In effect, a failure to recognize this special property of biology leads
inevitably to a semiquantitative science.
Our task this year therefore becomes one of understanding how biology
can become broken experimentally and then showing how we can fix it. The reward for our efforts takes us one step
closer to a quantitative biology.
The purpose
of the report this year is to explore ways of extending what we have learned
from the stereology literature to disciplines often reduced to relying on
semiquantitative approaches, such as biochemistry and molecular biology. We begin by defining the boundary conditions
for experimentation in biology, explore the unstable foundations of semiquantitative
data, and finally suggest workable alternatives. For example, a new category of hybrid
hierarchy equations can integrate biological data across disciplines and
provide methodological gold standards.
The main product to emerge from this effort is a rule book, one that
carefully addresses the uniqueness of biology.

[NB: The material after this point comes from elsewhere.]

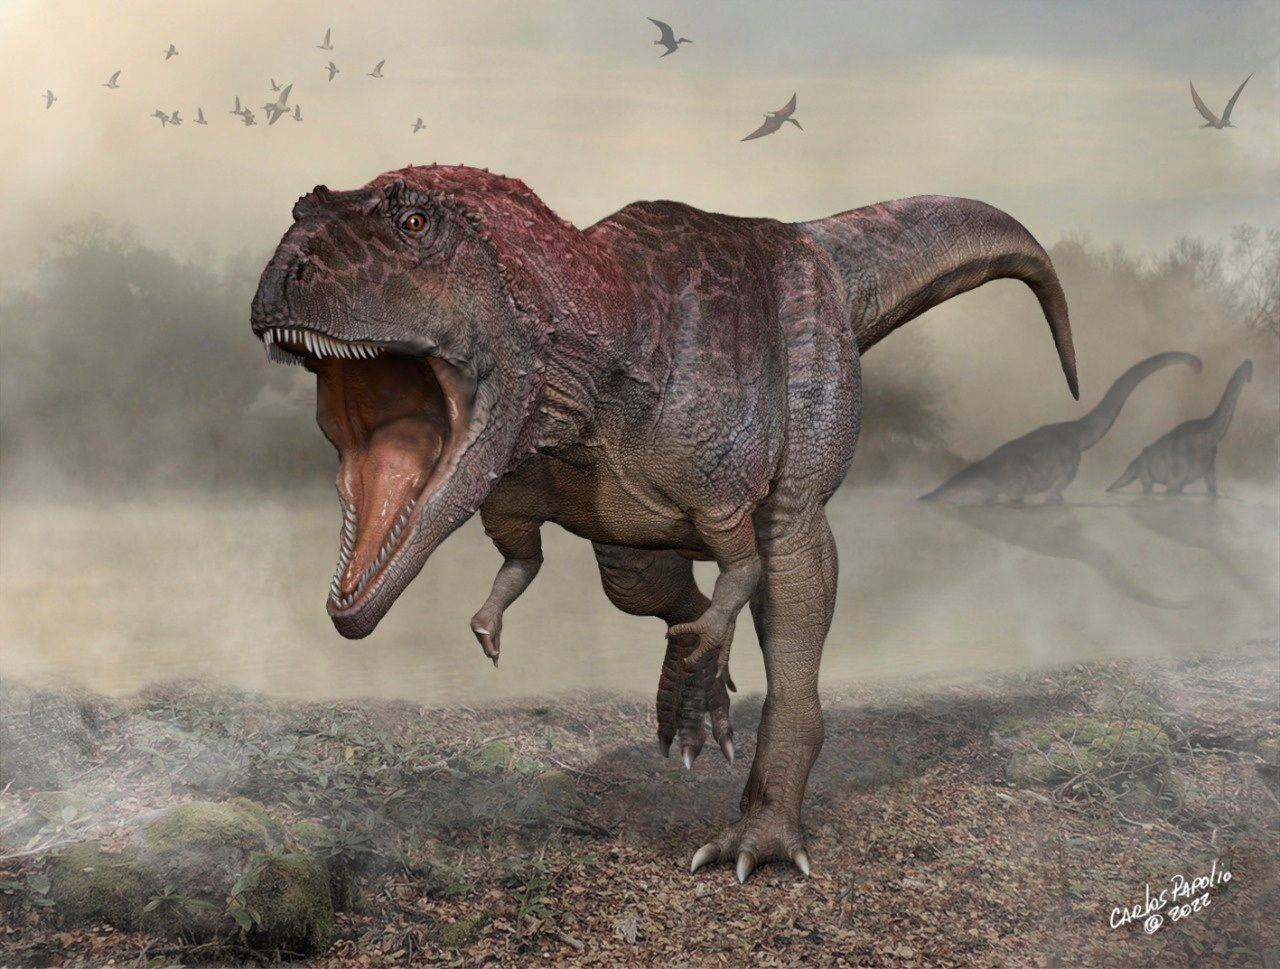 En la misma zona de la Patagonia argentina, los científicos habían encontrado los restos de un dinosaurio carnívoro gigante, que llamaron Meraxes gigas (Carlos Papolio)

The software package for 2007/8 (EBS, Version 7.0) includes new data
harvested largely from years 2004-5, expands the biology blueprint, introduces
cluster analysis, and offers guidelines for a mathematical biology.
Introduction
Transforming
biology into a quantitative science begins by changing the way we manage our
research data. An essential first step
consists of moving published data from the pages of journal articles into the
tables of relational databases where they can be standardized and used to look
for mathematical patterns. Such patterns
can be readily found in the connections that occur between parts and captured
as data pairs and repertoire equations.
In turn, these data pairs and equations can become the raw material for
building a mathematical biology.
Fundamental to the success of this approach includes an ability to
manage complexity in biology by mathematically unfolding and refolding
structural relationships - throughout the biological hierarchy of size. By leveraging the mathematical order inherent
in biological systems, we now have a workable strategy for reverse and forward
engineering structures of all sizes – one based largely on our ability to tap
into the mathematical core of biology.
From this we learn that mathematics and technology can become powerful
discovery tools when we use them in harmony with the intrinsic order of
biology.
The mathematical
biology described herein depends wholly on published data to generate the
empirical equations that we can use to explore an information space of uncommon
complexity. To qualify, these data must
be gathered with unbiased sampling methods within the framework of a rule-based
approach. The brief introduction that
follows considers three basic components of a mathematical biology that will
serve to illustrate how this quantitative approach to biology works. The Rule Book: Guidelines to a Mathematical
Biology continues this process, but in greater detail (Bolender,
2007).
In biology,
sampling is everything. Unbiased
sampling requires that all parts of the structure being sampled must have an
equal chance of being sampled. Any other
sampling scheme automatically becomes suspect.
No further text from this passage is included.